ENGL 250C -- Winter Quarter 2009

INTRO TO AM LIT (Introduction to American Literature) Hernandez M-Th 2:30- 13068

From the moment of their arrival on American soil, the Anglo settler began a process of reshaping identity from a “stale” European model into a uniquely American hybrid frontiersman—infusing old-world cultivation and Christian dogma with the get-up-and-go spirit necessary to survive in an inhospitable new terrain. This course will sample major American writers who have captured the essence of this spirit from the colonial period through the present. We will aim to track the development of American character as it morphed from persecuted emigrant to global superpower. While Puritan thought and the western frontier figure prominently as staging grounds for our readings, the focus of the class will be to recognize how our national mythology was first created and later reconfigured, giving rise to such figures as the robber barons of the Gilded Age or the heroes of hard-boiled detective fiction.

Our reading will include a small handful of novels and a significantly larger selection of short stories and poetry by authors tentatively to include: William Bradford, Jonathan Edwards, James Fenimore Cooper, Edgar Allan Poe, Nathaniel Hawthorne, Herman Melville, Ralph Waldo Emerson, Walt Whitman, Stephen Crane, Theodore Roosevelt, and others. The following texts will be available through the University Bookstore: Horatio Alger, Ragged Dick; Robert Montgomery Bird, Nick of the Woods; Charles Brockden Brown, Edgar Huntley; Raymond Chandler, The Big Sleep; William Faulkner, Absalom, Absalom!; Cormac McCarthy, Blood Meridian; Additionally, a course pack will be available at Ave.
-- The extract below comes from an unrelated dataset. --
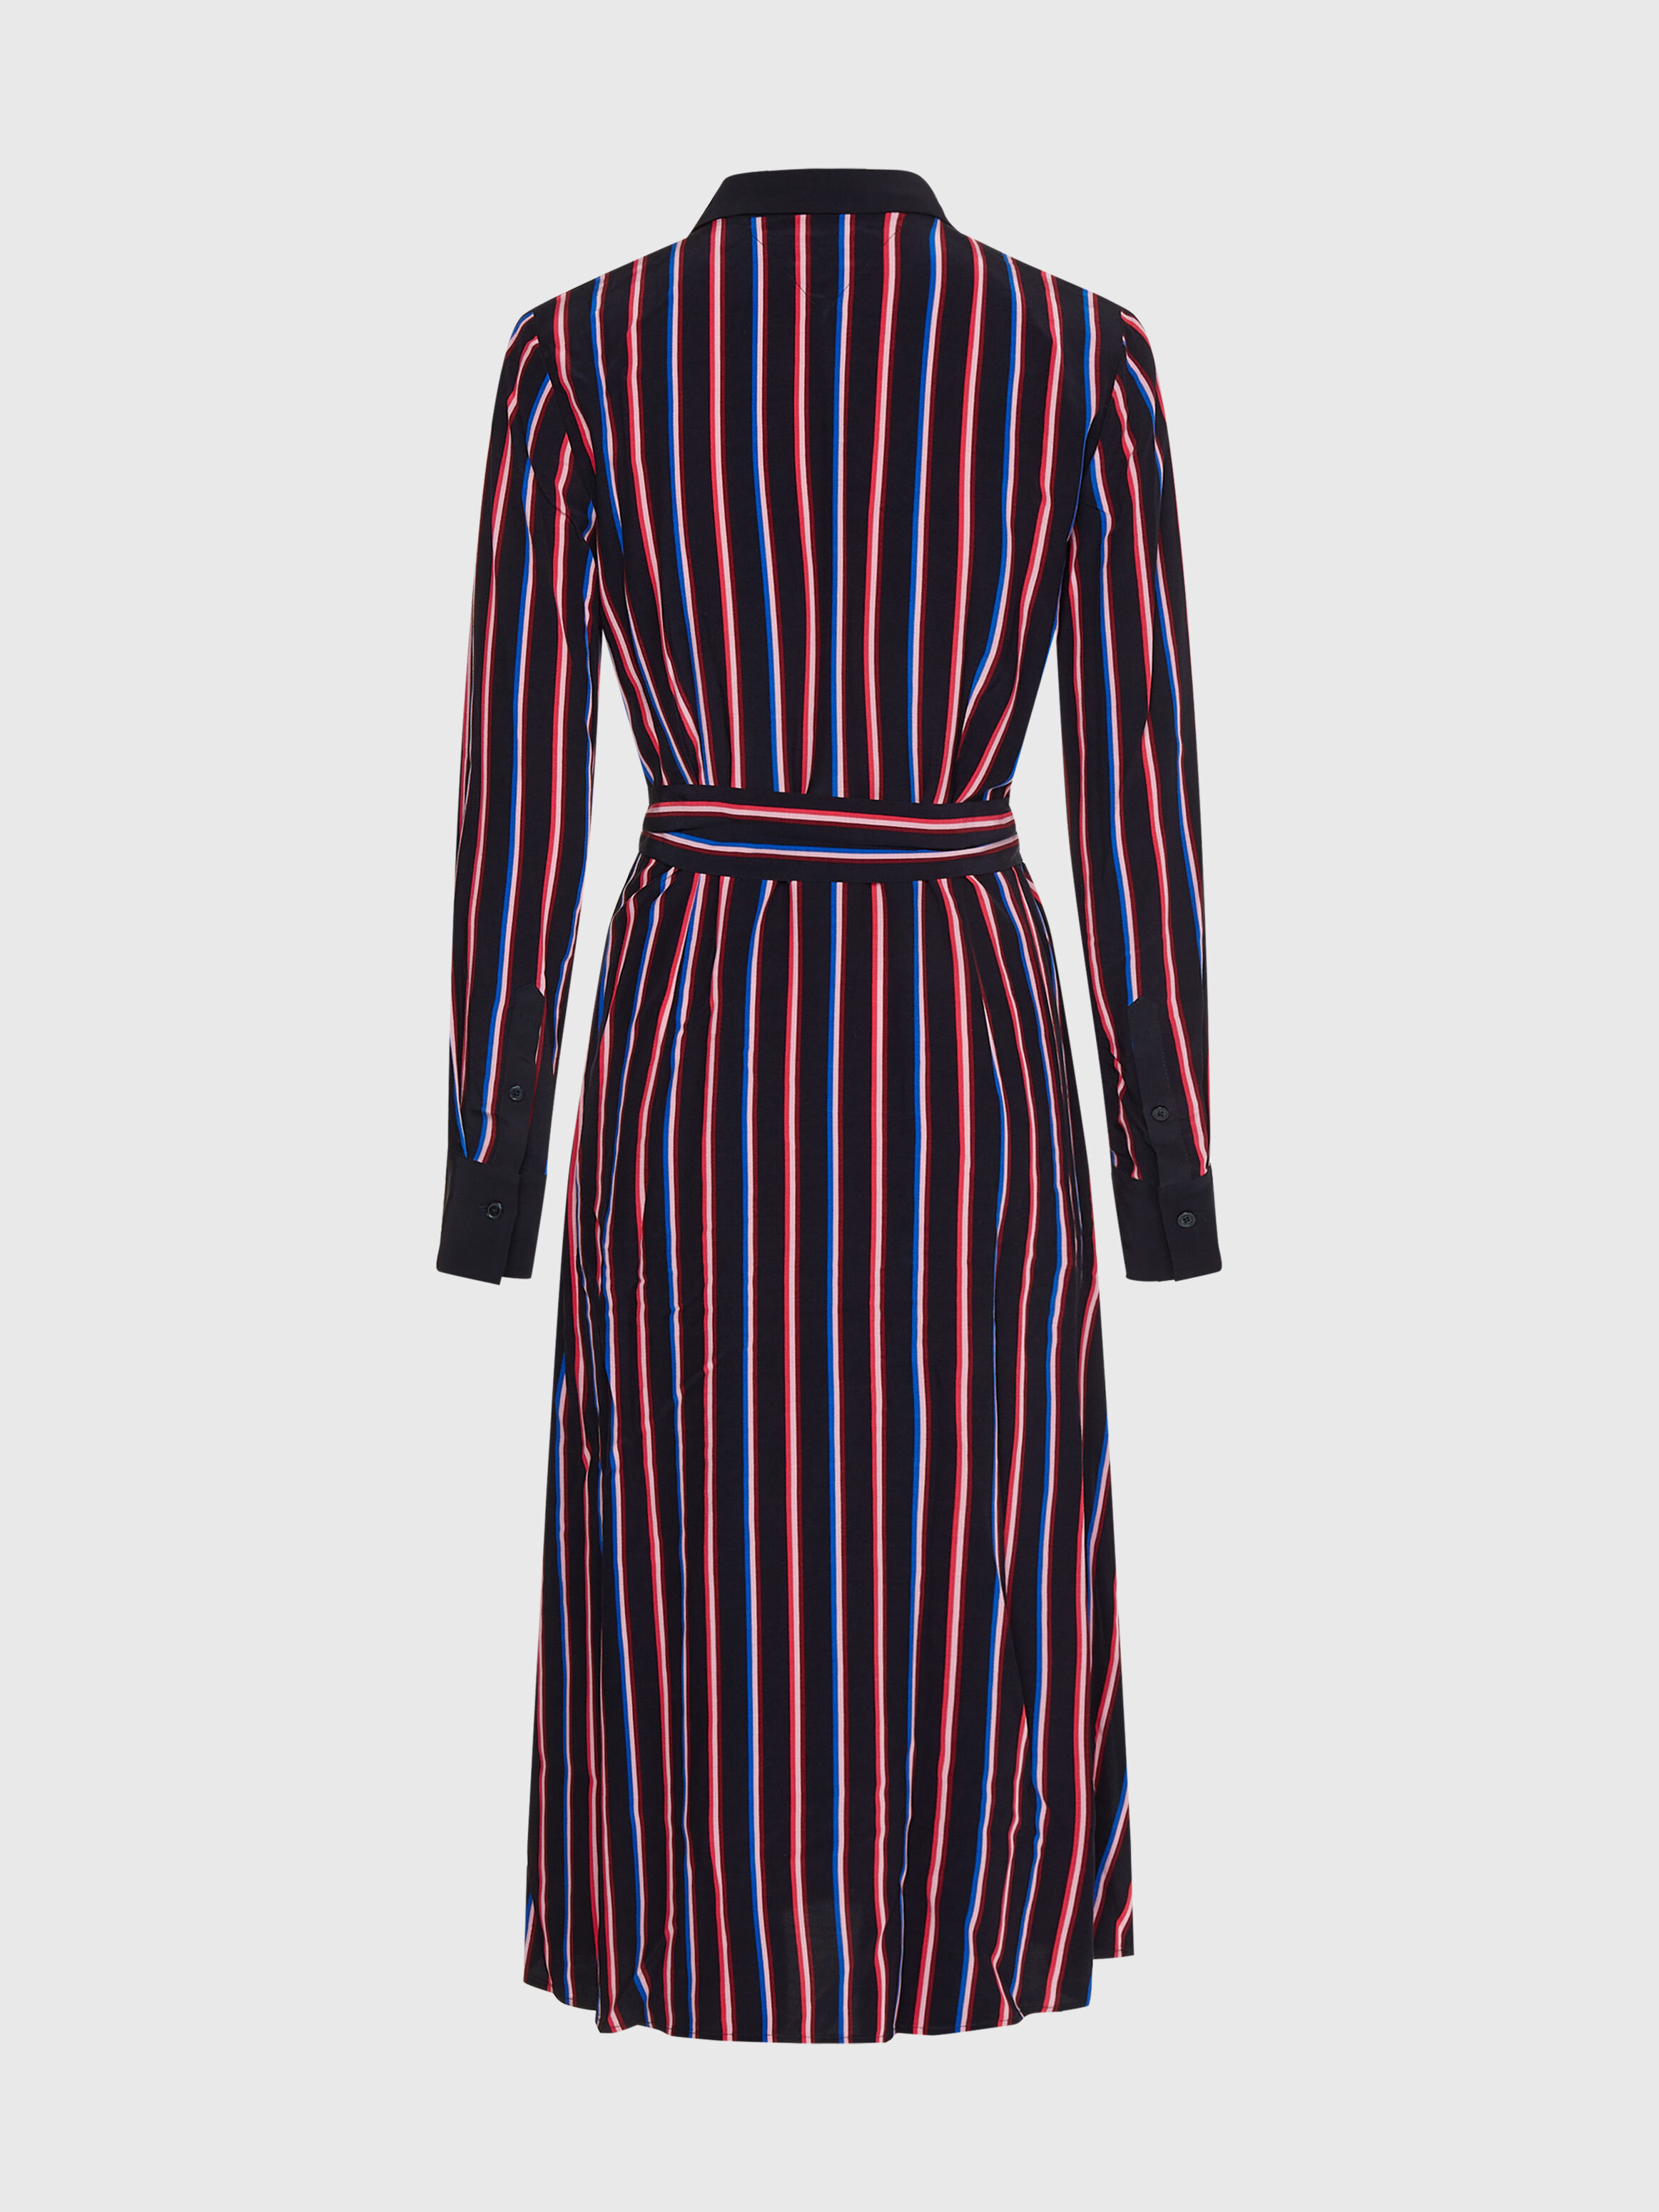 MYLAN マイラン Stripe Shirt Dress smcint.com

Copy on University Way.

Course requirements: The final grade will be based on regular contribution to class discussion, several writing assignments, and the final exam. As this is a “W” course, writing will play a key role in analyzing the assigned literature. Each student will be required to write two short analytical essays (3-4 pages in length each), one major essay (5-7 pages), as well as revisions of each.